Organic Chemistry Seminar: Professor Samir Zard, Ecole Polytechnique

Organic Chemistry Seminar: Professor Samir Zard, Ecole Polytechnique
Date
Wed June 13th 2018, 4:30 - 5:30pm
Location
Sapp Lecture Hall

Organic Chemistry Seminar: Professor Samir Zard, Ecole Polytechnique (Host: Barry Trost)

"Reversible Reservoirs for Radicals. A Powerful Strategy for the Construction of Carbon-Carbon Bonds"

About the Seminar

Radical reactions offer many of the properties desired by synthetic organic chemists, in terms of variety, mildness of conditions, and a selectivity that is often complementary to that of ionic chemistry, making many protection steps superfluous. There is however one major difficulty, which derives from the propensity of radicals to interact with themselves (dimerisation, disproportionation) with extremely fast rates that are close to diffusion. In order to overcome this complication, it is essential to keep the steady-state concentration of radical species very low. This can be accomplished for example by contriving a chain reaction where the propagating steps are themselves quite fast, as for example in the typical, and now extremely popular, stannane based processes. While various unimolecular cyclisation and fragmentation steps can be efficiently incorporated into the radical sequence, kinetically slower bimolecular transformations, and in particular intermolecular additions to un-activated alkenes, have proven more difficult to implement. In the case of stannanes, the relatively slow addition to the alkene has to compete with premature hydrogen atom abstraction from the organotin hydride, a step that is usually thousands of times
faster.
 
Over the years, we have shown that xanthates and related thiocarbonylthio derivatives allow the generation of radicals under conditions where the radicals possess a considerably increased effective lifetime even in a concentrated medium. Intermolecular additions to un-activated alkenes, as well as a variety of reputedly difficult radical transformations can now be easily accomplished. No metals, heavy or otherwise, are required, and the starting materials and reagents are cheap and readily available. Complex, densely functionalized structures can be constructed in a convergent, modular fashion. In the course of our study of the scope and limitations of this chemistry, we have uncovered a few surprising transformations. Recent results and some mechanistic aspects will be presented and discussed briefly.

About the Speaker

Samir Z. Zard currently holds the positions of “Director of Research” (Exceptional Class) in the C. N. R. S. (Centre National de la Recherche Scientifique) and part-time Professor at Ecole Polytechnique.
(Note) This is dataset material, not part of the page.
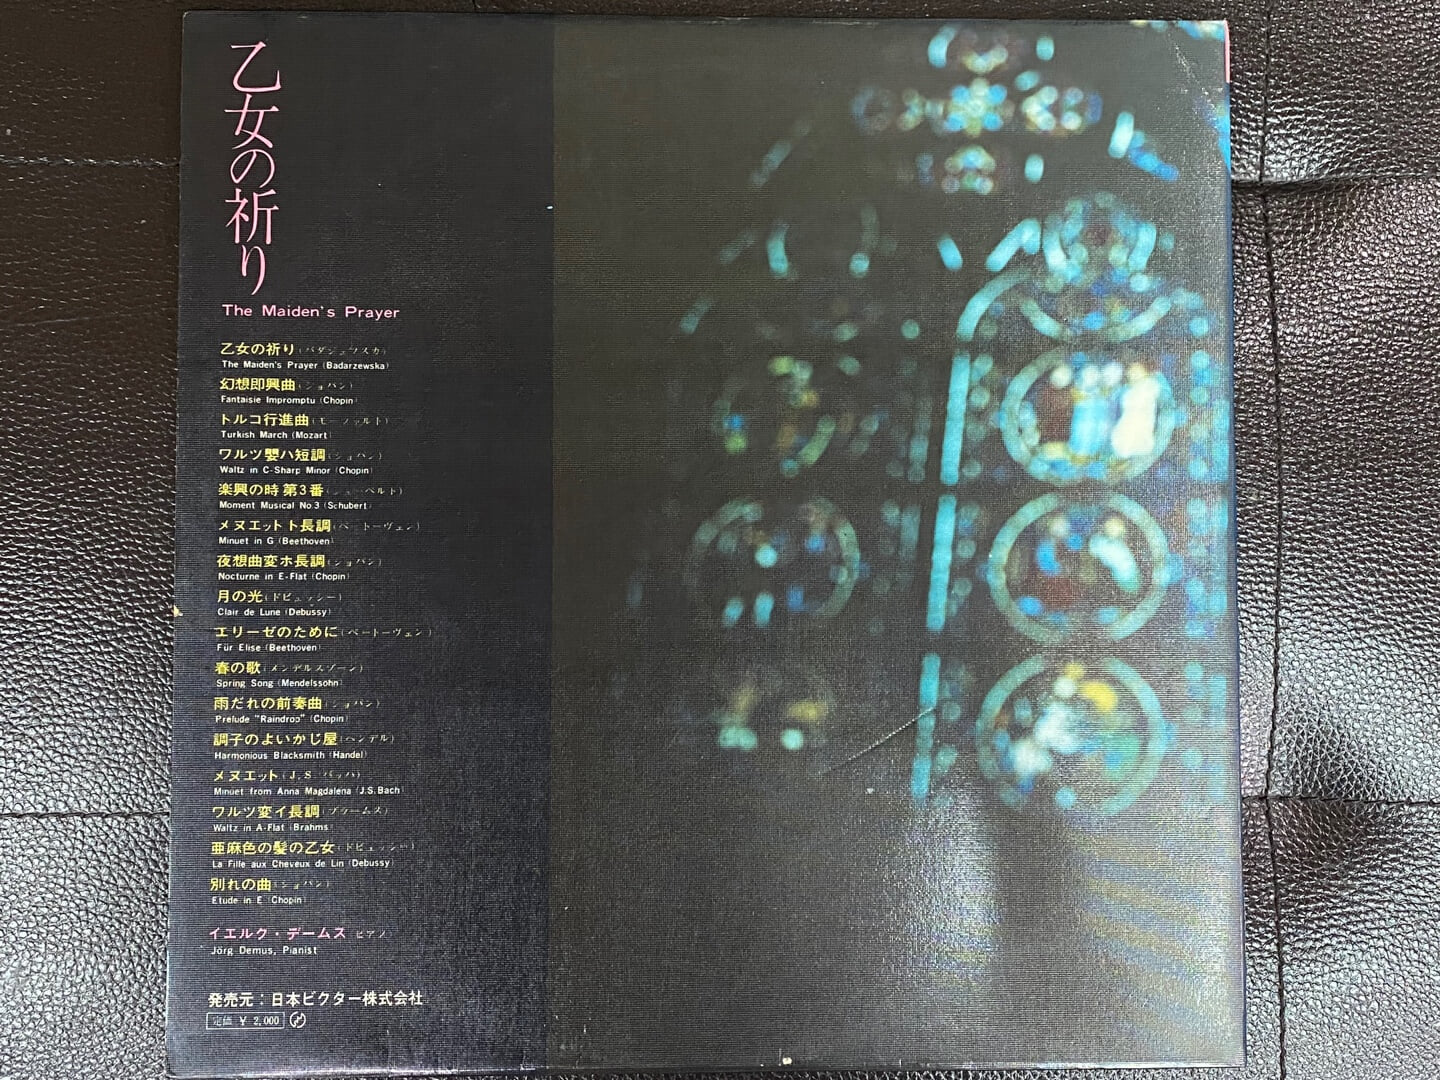 [LP] 외르크 데무스 - Jorg Demus - The Maiden's Prayer (乙女の祈り) LP [일본반]

Professor Zard was born in 1955 in Ife, Nigeria. His training as a chemist started at the American University of Beirut (interrupted by the civil war in 1975), then at Imperial College, London, and finally at the l’Institut de Chimie des Substances Naturelles à Gif-sur-Yvette, France, where he received his doctorate under the supervision of Professor Sir Derek Barton in 1983.

His main research concerns the study and development of new reactions and processes. He is the author of 350 scientific publications, 38 filed patents, and two books. In addition to a number of academic awards, he received in 2007 the Croix de Chevalier de la Légion d’Honneur.